Outsourcing of project management and operations.

The Chicago Skyway PPP project and the Trans-Texas Corridor both provide for long-term leases of the project to private agencies, effectively outsourcing both the management of the project and its operations. The Chicago Skyway project was the first long-term lease of an existing toll road in the U.S, which was built and operated by the City of Chicago. In this project, an international group entered into a 99-year lease with the city to operate the structure. Such agreements represent another form of PPP project, one that requires no new construction-brownfield projects-but can take advantage of private sector efficiencies in managing and operating an existing facility in exchange of compensation for private sector either by payment from public agency or revenue from direct user tolls.

All states that authorize the use of PPPs for transportation facilities except South Carolina provide for this type of arrangement. Delaware puts a 50-year cap on the length of these leases and Indiana provides for leases of up to 75 years in length.
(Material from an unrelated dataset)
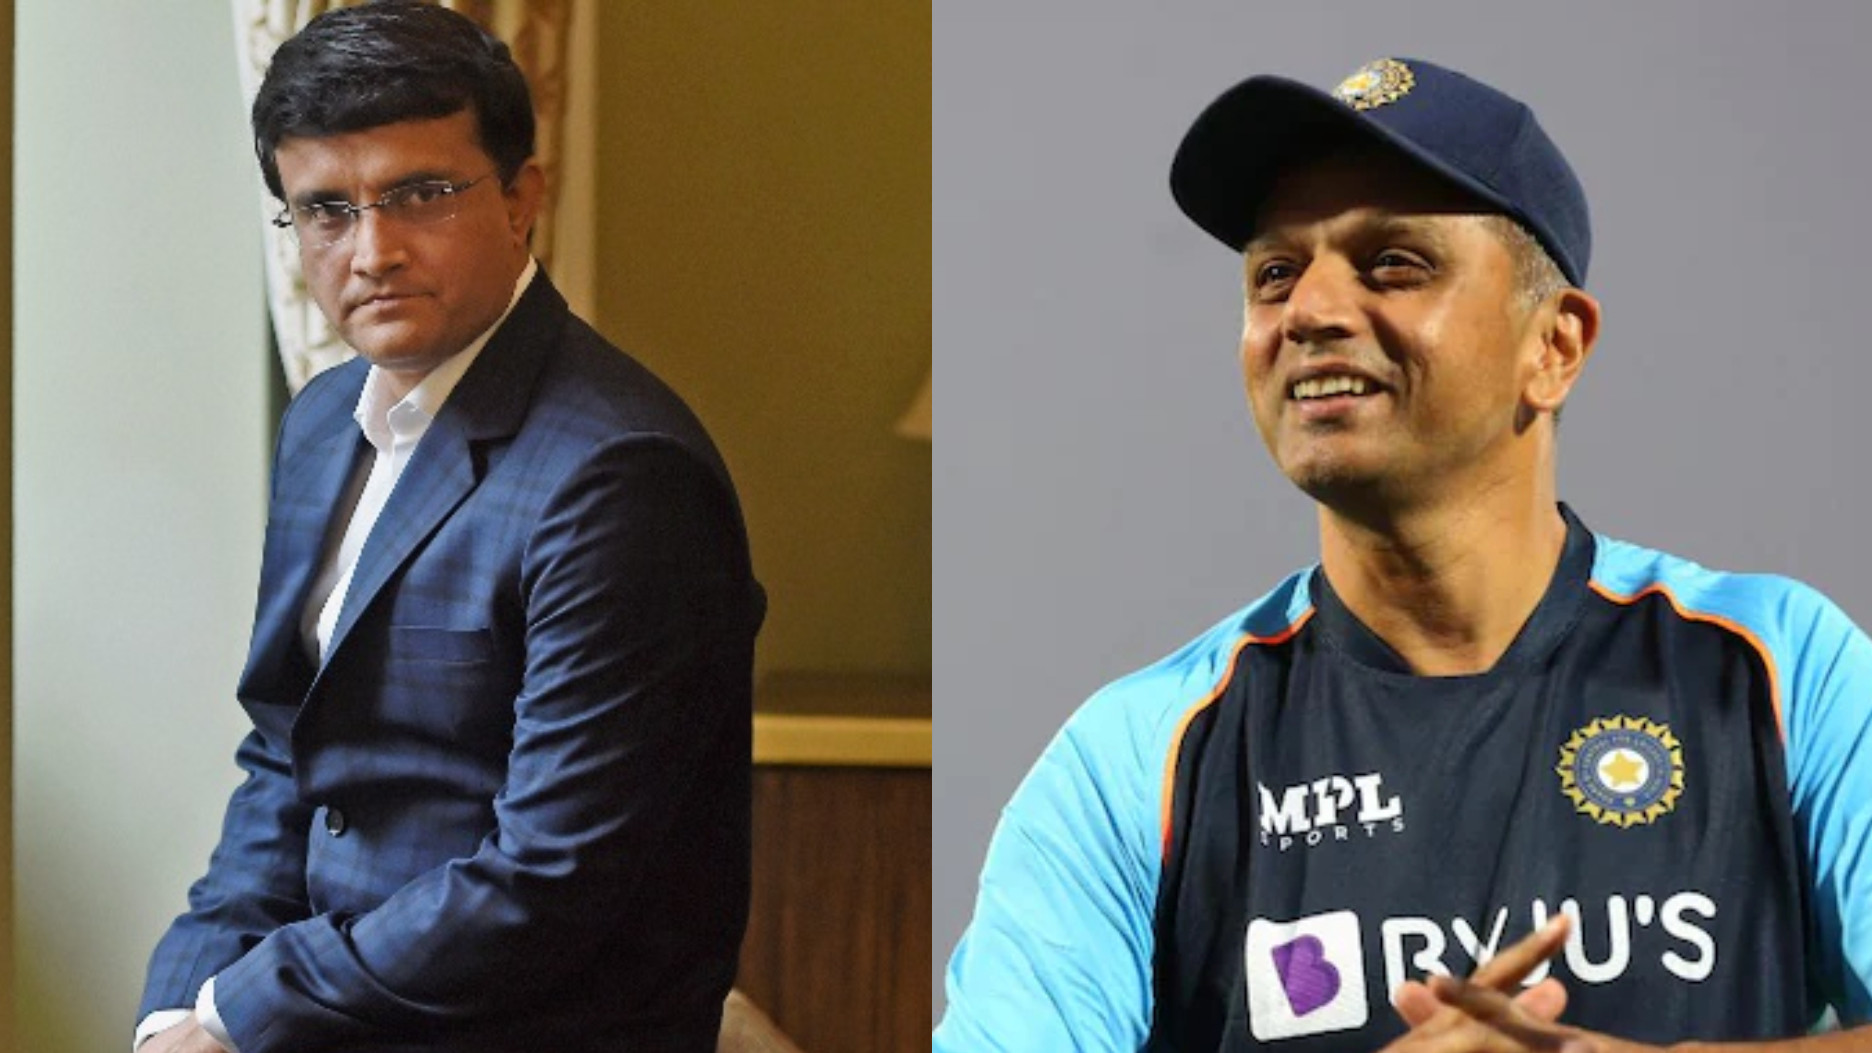 Rahul Dravid will do a remarkable job as Indian team coach, says Sourav Ganguly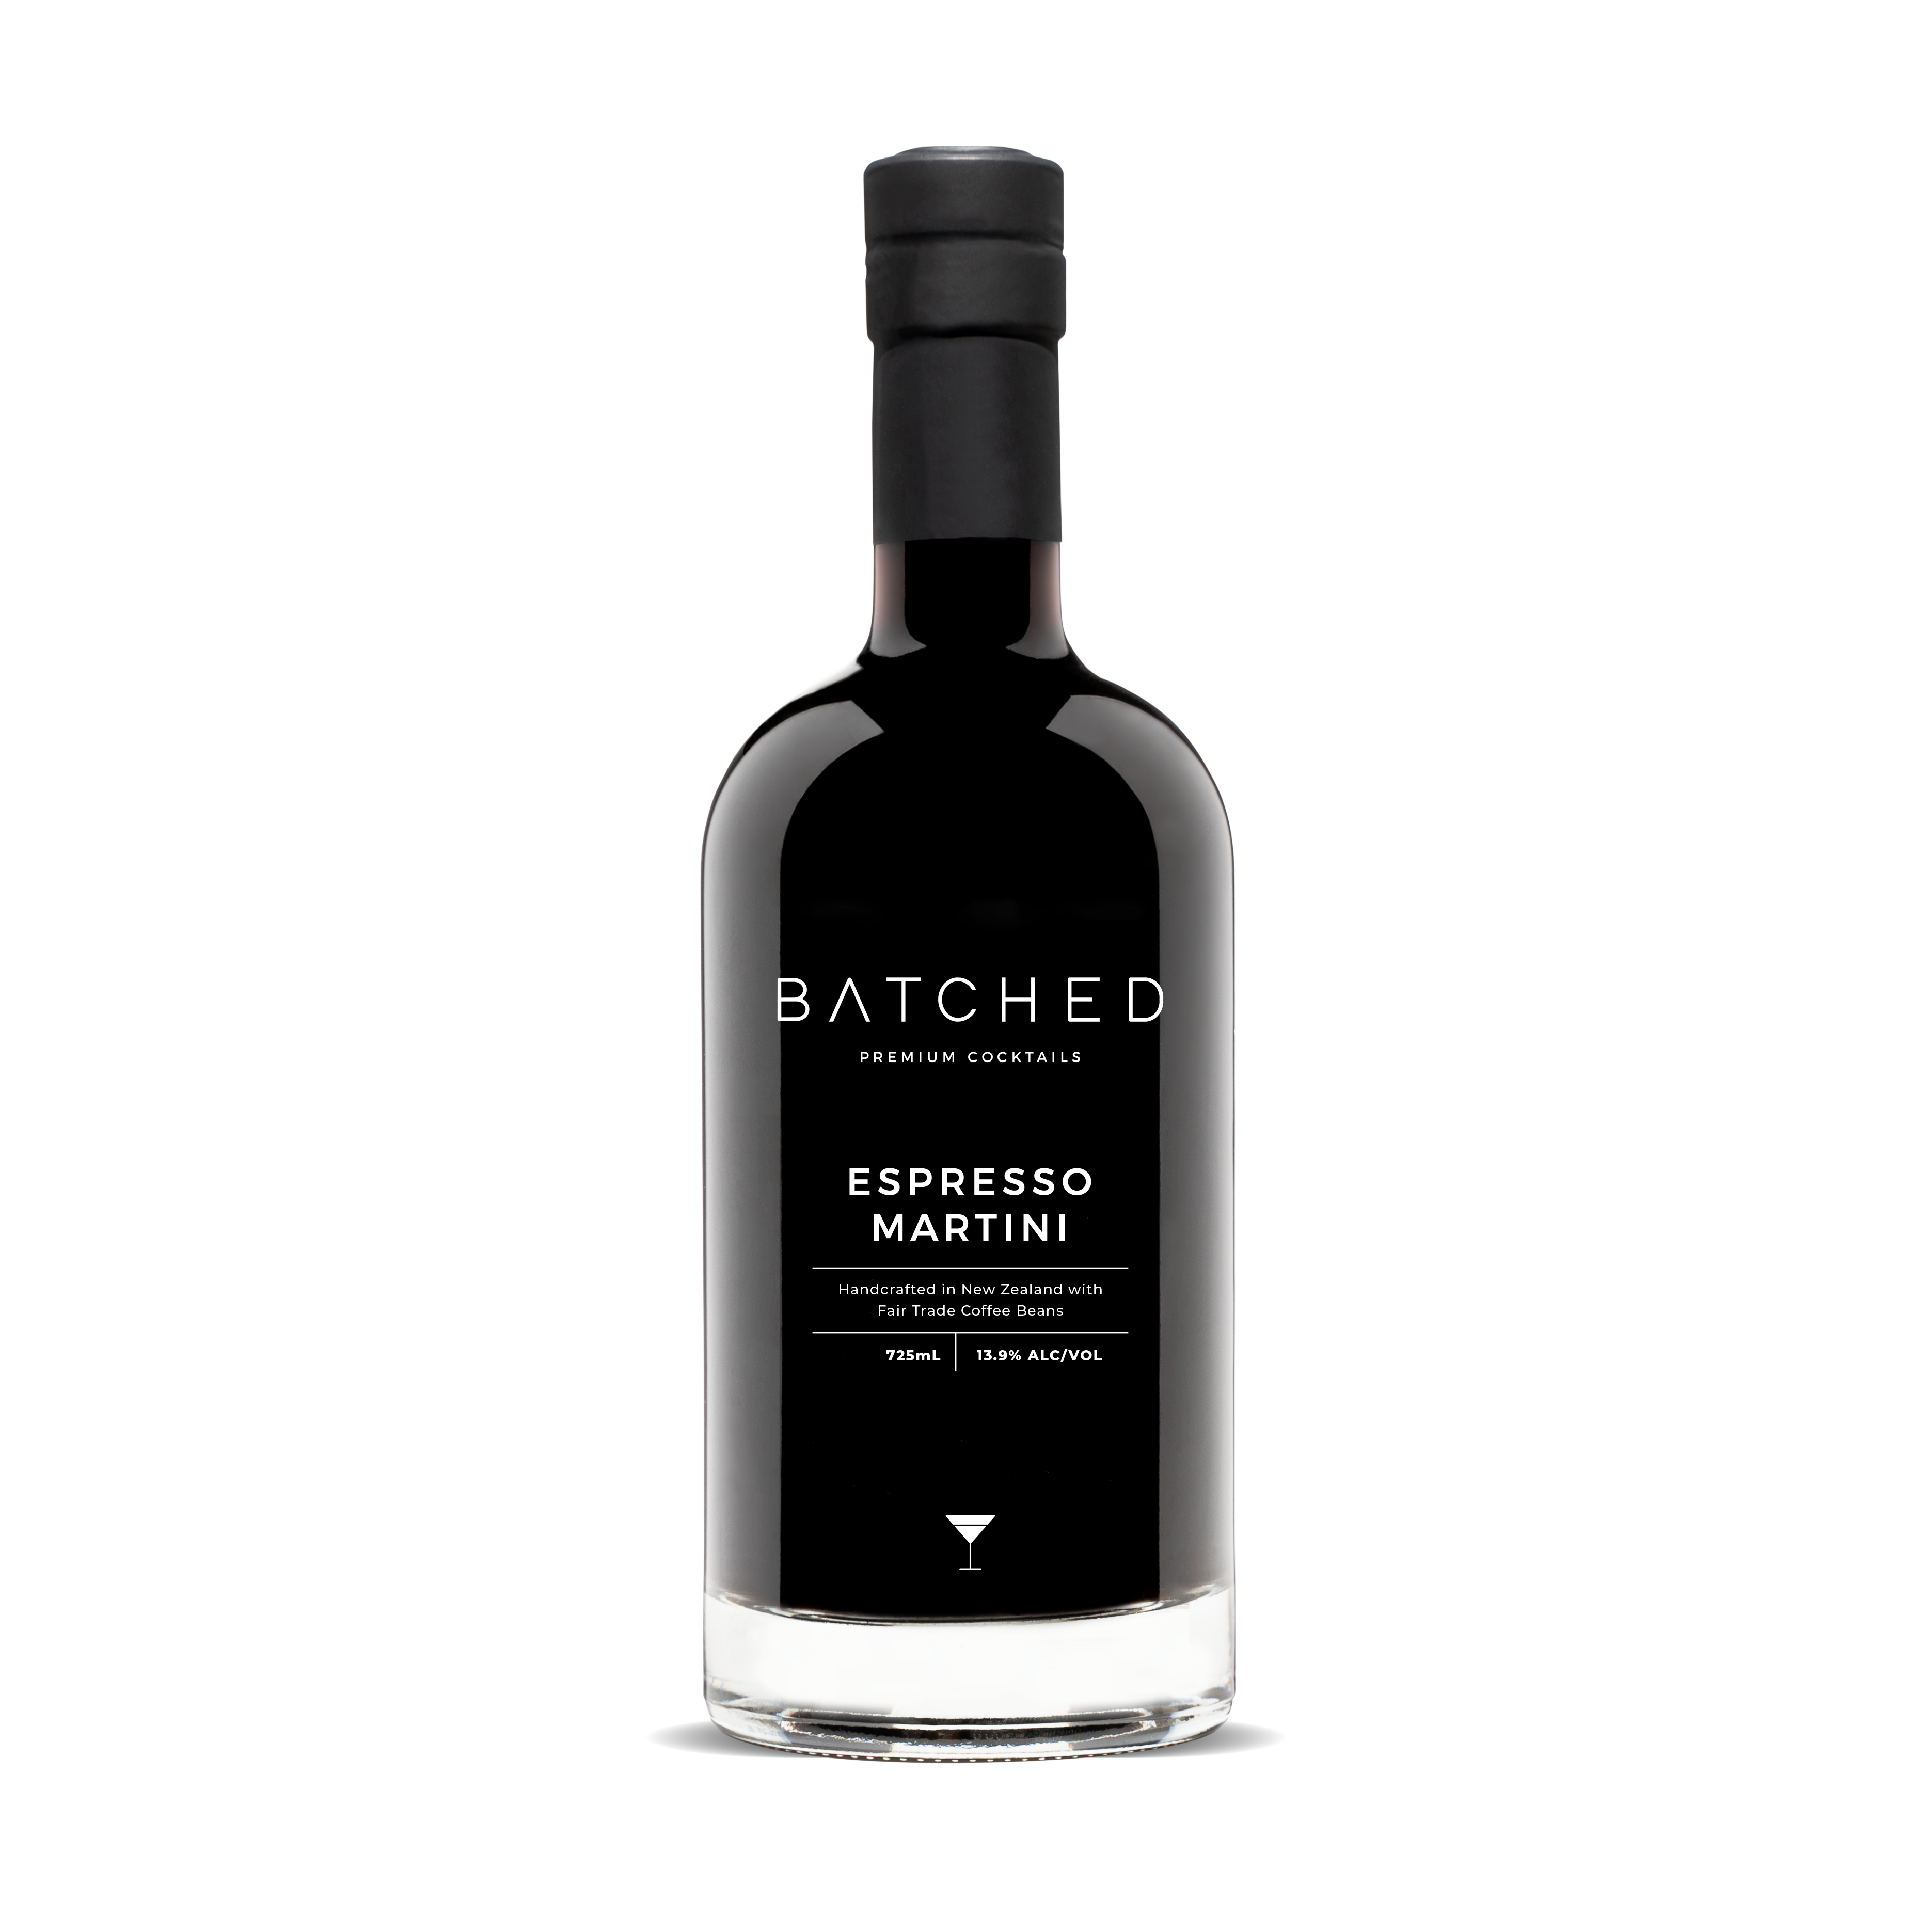 Batched Espresso Martini bottle with blank background

Such blanket legislative restrictions are not advised, and a decision of a lease term should be made by transportation agencies and private firms based on financial and economic assessments. At the same time, it is true that the level of uncertainty and risk significantly increases for longer term contracts to make financial and economic assessments of a project very difficult (Iseki, Uchida, and Taylor Under review). Therefore, legislators can cap the term if they are seriously concerned-especially when a state wishes to make a lease concession agreement its first foray into PPP usage.